Faenza (fa˙-en´za), an episcopal city of N. Italy, in the province of and 19 miles south-west of Ravenna. It is supposed to have been the first Italian city in which the earthenware called faience (q.v.) was introduced. The manufacture still flourishes here, and there is also a considerable trade in spinning and weaving silk. Pop. (commune), 40,164.

Fagaceæ, a nat. ord. of apetalous Dicotyledons, all trees and shrubs, mostly natives of temperate regions. It includes the beeches and oaks, and the sweet chestnut (Castanea).

Fagging, a custom which formerly prevailed generally at most of the English schools, and is still practised at Eton, Winchester, Harrow, Rugby, and one or two other places. It consists in making the junior boys act as servants or 'fags' in the performance of multifarious menial offices for elder boys, such as carrying messages or preparing breakfast for their master, in return for which the elder boy accepts a certain responsibility for keeping order, and becomes the recognized adviser and protector of his 'fags'.

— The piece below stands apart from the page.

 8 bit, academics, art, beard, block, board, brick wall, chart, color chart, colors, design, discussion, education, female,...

Faggot-vote, a term formerly applied in Britain to a vote procured by the purchase of property so as to constitute a nominal qualification without a substantial basis. Faggot-votes were chiefly used in county elections for members of Parliament. The way in which they were usually manufactured was by the purchase of a property which was divided into as many lots as would constitute separate votes, and given to different persons, who need not be resident members of the constituency. The practice disappeared after the Reform Act of 1884.

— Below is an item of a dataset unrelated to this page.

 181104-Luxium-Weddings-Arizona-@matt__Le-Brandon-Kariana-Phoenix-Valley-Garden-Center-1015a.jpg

Faguet, Émile, French literary historian, critic, and journalist, born at La Roche-sur-Yon in 1847, died in 1916. He became professor of poetry at the Sorbonne in 1897. Endowed with a keen power of analysis and a wealth of original ideas, he was one of the most brilliant French critics of the nineteenth century. Whilst praising the literature of the seventeenth century, Faguet somewhat depreciated the writers of the eighteenth century. Among his numerous works are: Le théâtre contemporain (1880-91), Dix-huitième siècle (1890), Seizième siècle (1893), Drame ancien et drame moderne (1898), Histoire de la littérature française (1900), Propos littéraires (1902), Initiation into Literature, and Initiation into Philosophy.

Fagus. See Beech.

Fahlerz (fäl´erts), or grey copper ore, is of a steel-grey or iron-black colour. It occurs crystallized in the form of the tetrahedron, also massive and disseminated. Its fracture is uneven or imperfectly conchoidal. Specific gravity, 4.5-5.1. Tetrahedrite, the typical species, is composed of copper, sulphur, and antimony. Part of the copper is often replaced by iron, zinc, silver, or mercury, and part of the antimony by arsenic.

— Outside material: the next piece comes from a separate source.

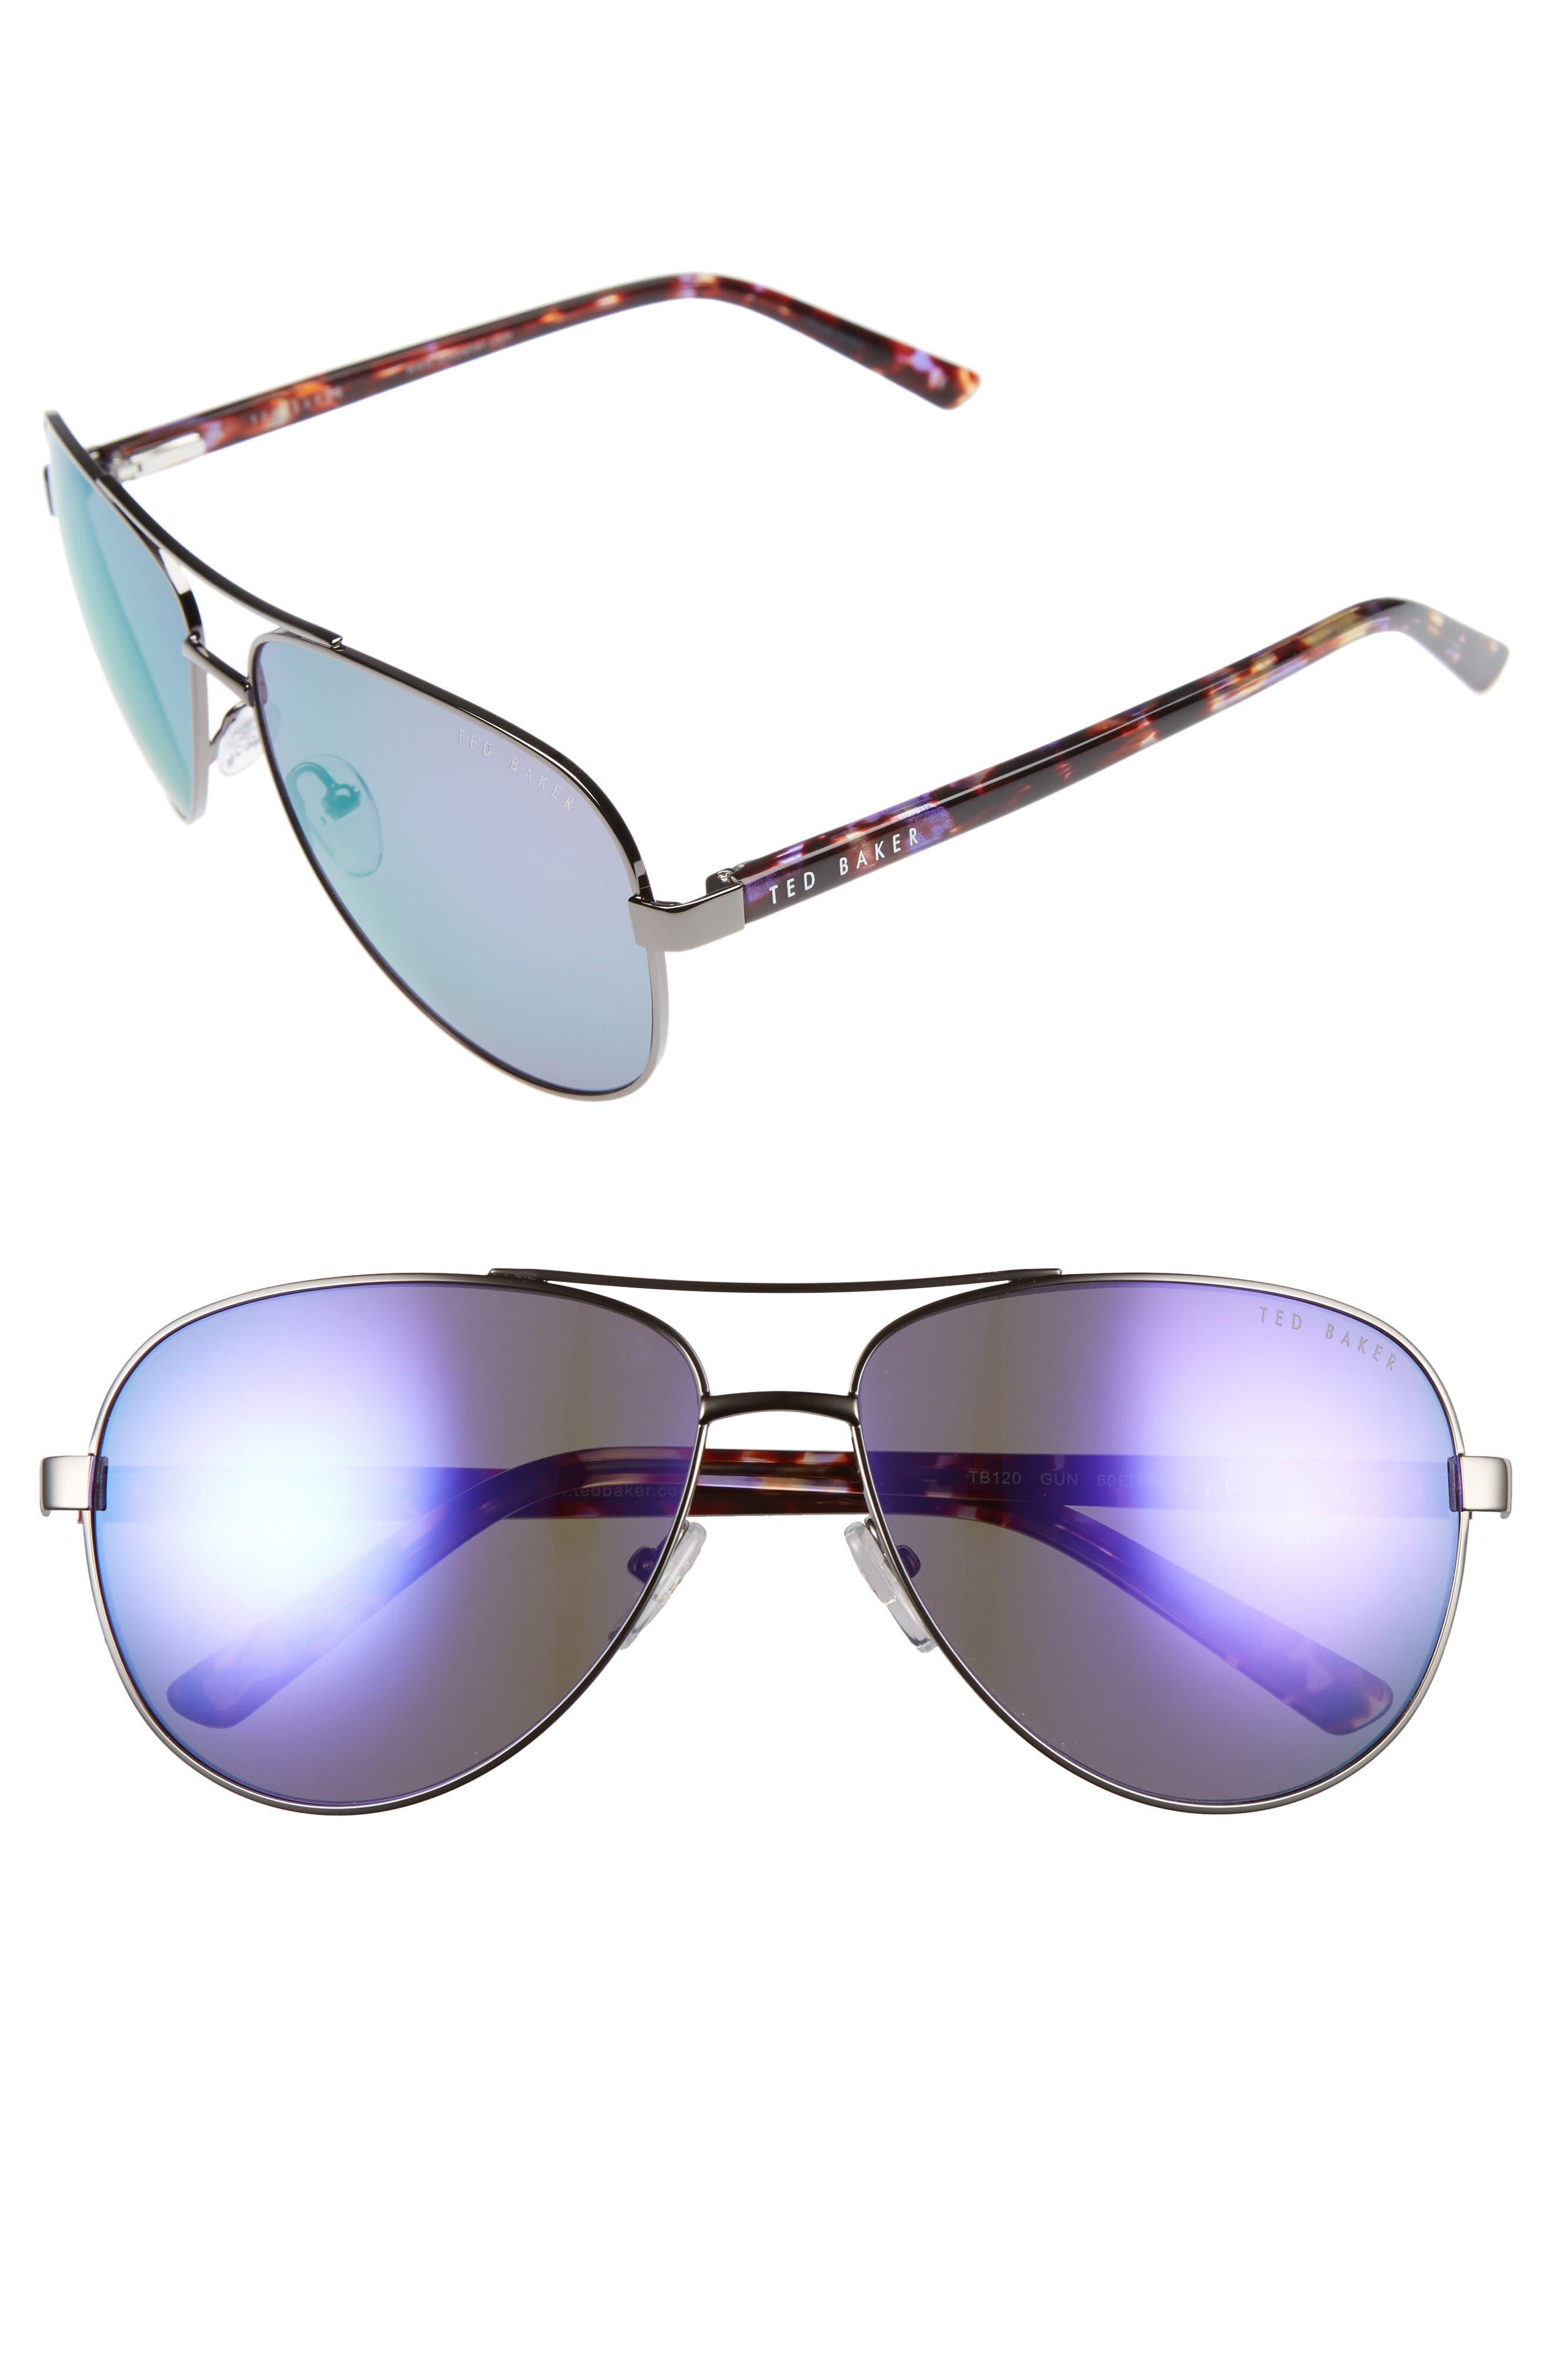 60mm Aviator Sunglasses,                         Main,                         color, Gunmetal

Fahlunite, a mineral of a greenish colour occurring in six-sided prisms. It is a pseudomorph after iolite, and consists mainly of hydrous aluminium silicate. It takes its name from Fahlun in Sweden.

Fahrenheit (fä´rėn-hīt), Gabriel Daniel, German physicist, known for his arrangement of the thermometer, was born at Danzig in 1686, died in 1736. Abandoning the commercial profession for which he had been designed, he settled in Holland to study natural philosophy. In 1720 he effected a great improvement by the use of quicksilver instead of spirits of wine in thermometers. He invented the Fahrenheit scale (see Thermometer), and made several valuable discoveries in physics. He was elected a fellow of the Royal Society of London in 1724.

Faidherbe (fā-derb), Louis Léon César, a French general, born in 1818, died in 1889. He entered the army in 1840, served in Africa and the West Indies, was appointed Governor of Senegal in 1854, and afterwards of a district in Algiers from 1867 to 1870. After the fall of Napoleon III, he was summoned by the Government of the National Defence to France and appointed commander of the army of the north. He fought some bloody but indecisive battles with the Germans under Manteuffel and Goeben. After the war he was elected to the Assembly by Lille, his native place, but on the triumph of Thiers retired from politics to private life. He wrote Épigraphie Phénicienne, and valuable monographs on Senegal, the Sudan, and other parts of Africa.